Verschlimmbesserung

15. Februar 2013

Ich bin immer noch hinterher mit der »ZEIT«-Lektüre. Was die Gemüter vor drei, vier Wochen bewegt hat, kommt deshalb erst jetzt in den Blog. Sei’s drum.

Özlem Topçu hat natürlich Recht: »Weiße dürfen nicht bestimmen, wann Schwarze sich gekränkt fühlen dürfen«.

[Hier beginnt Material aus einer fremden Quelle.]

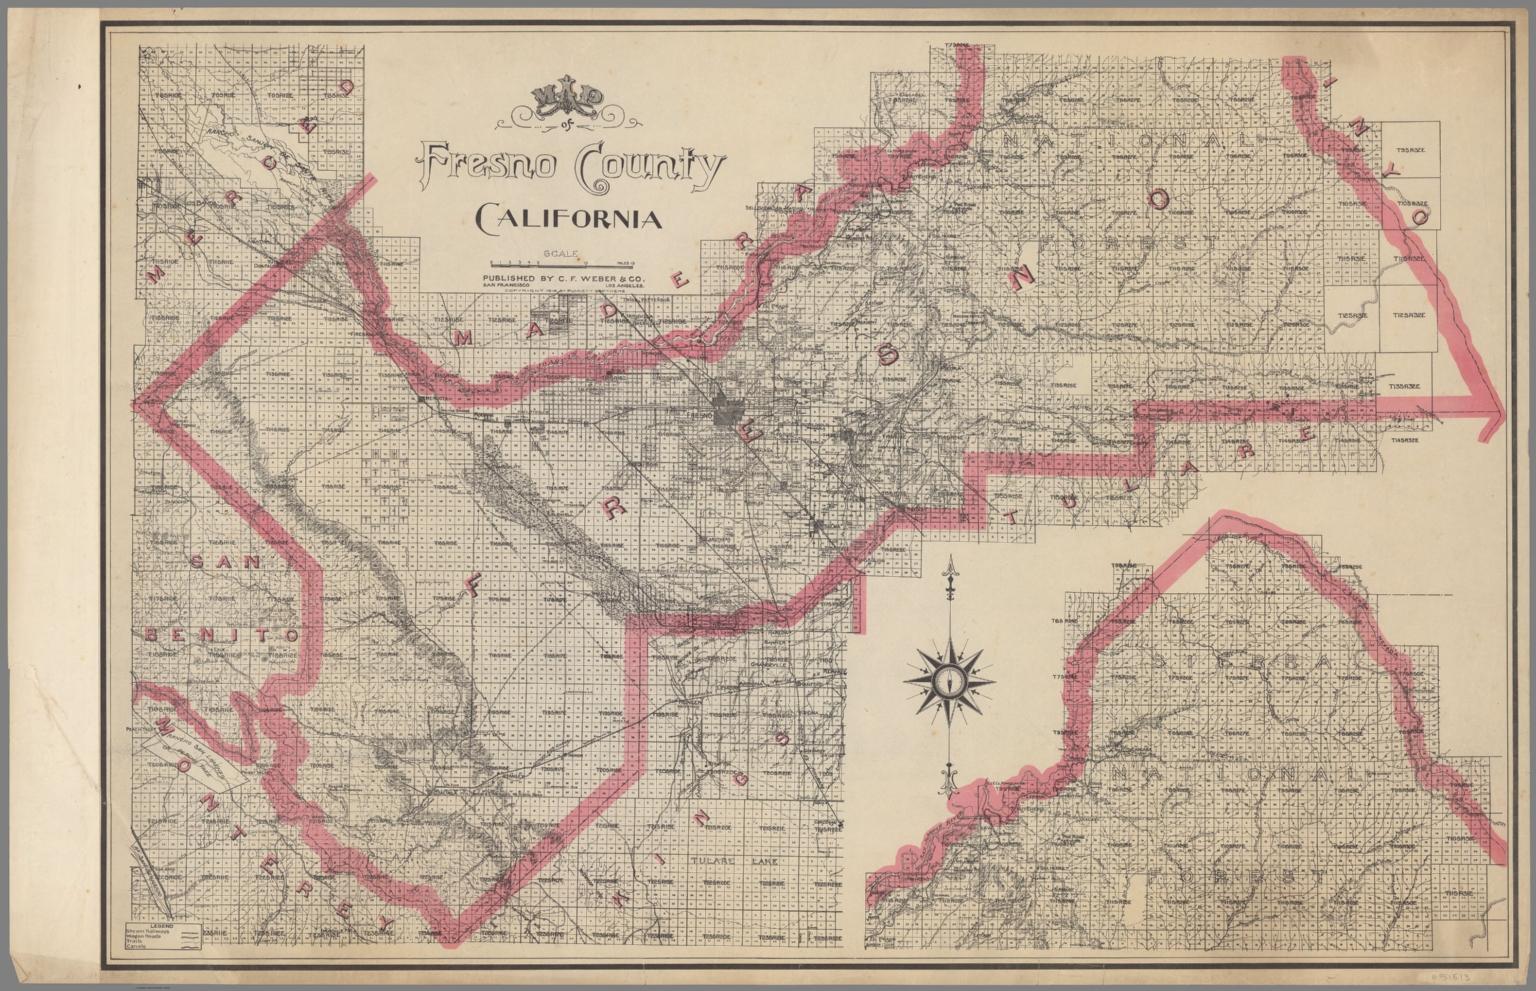 Map of Fresno County, California

Um so bemerkenswerter finde ich: In der konkreten Konsequenz stimmt Topçu ganz und gar mit Ulrich Greiner überein: Der hat die »Kinderbuch-Debatte« eine Woche zuvor eröffnet – und festgehalten: Die nachträgliche Tilgung rassistischer Begriffe aus literarischen Klassikern führt am Ziel vorbei. Gleich aus mehreren Gründen:

  • Wo soll man anfangen – und wo aufhören? Am Beispiel: Wenn sich Kinder in Otfried Preusslers »Kleine[r] Hexe« nicht als »Neger«, »Chinesenmädchen« und »Türke« verkleiden dürfen, als was dann? »Als Indianer, Zigeuner oder Eskimo können sie auch nicht gehen, das wäre diskriminierend, ein Dornröschen wäre sexistisch, ein Scheich islamfeindlich. Und Hexe geht ja schon lange nicht mehr.« Übrigens gehen auch die meisten Märchen nicht mehr, mal ganz objektiv beurteilt … Und die Bibel schon gar nicht.
  • Es gibt einen Unterschied zwischen Buchstabe und Geist. Und letzterer ist oft komplexer als die gut gemeinten Absichten. Etwa, wenn Pippi Langstrumpf zwischen den Zeilen Bertrand Russels Paradoxon aufgreift – und behauptet, dass alle Menschen im Kongo lügen. (Was im Kontext der Szene übrigens positiv konnotiert ist!)
  • »Jeder [Hervorhebung von mir] Sprachgebrauch ist kontaminiert von den Zeitumständen.« Und die Geschichte lässt sich nicht nachträglich korrigieren.
  • »Es ist nicht Orwells Großer Bruder, der interveniert, sondern der Kleine Bruder politische Korrektheit. Dessen rastlose Tätigkeit sollte man aber nicht unterschätzen. Er realisiert sich im Tun jener zahllosen, oftmals staatlich bestallten Tugendwächter, die in höherem Auftrag, sei es Feminismus, Antisemitismus oder Antirassismus, agieren und die mit ideologisch geschärftem Nachtsichtgerät dunkle Abweichungen vom Pfad der Gerechten unverzüglich aufdecken. Wer sucht, der findet. Aber leider recht selten jene hasserfüllten Schläger, deren Untat für alle sichtbar ist. Wenn die überhaupt je gelesen haben, sind sie auf ihre mörderischen Ideen sicherlich nicht durch die fehlgeleitete Lektüre der Kleinen Hexe oder Pippi Langstrumpfs gekommen.« Noch schärfer: »Glaubt im Ernst jemand, man erziehe Astrid-Lindgren-Leser zu Rassisten, wenn man den Text nicht reinige? Sollte man die pädagogische Energie nicht besser auf das Heer jener Illiteraten richten, die von Pippi Langstrumpf noch nie etwas gehört haben und trotzdem genau wissen, wer der Neger ist?«
  • … um so wichtiger ist es aber, Kinder nicht allein zu lassen mit ihrer Literatur. Beim gemeinsamen Vorlesen sind kritische Begriffe natürlich zu problematisieren. Und das kriegen Menschen – die ja in ihrer ethischen Entwicklung neben ihrer Lektüre auch das Alltagsverhalten ihrer Eltern, Freunde usw. wahrnehmen – bereits in jungen Jahren erstaunlich differenziert hin.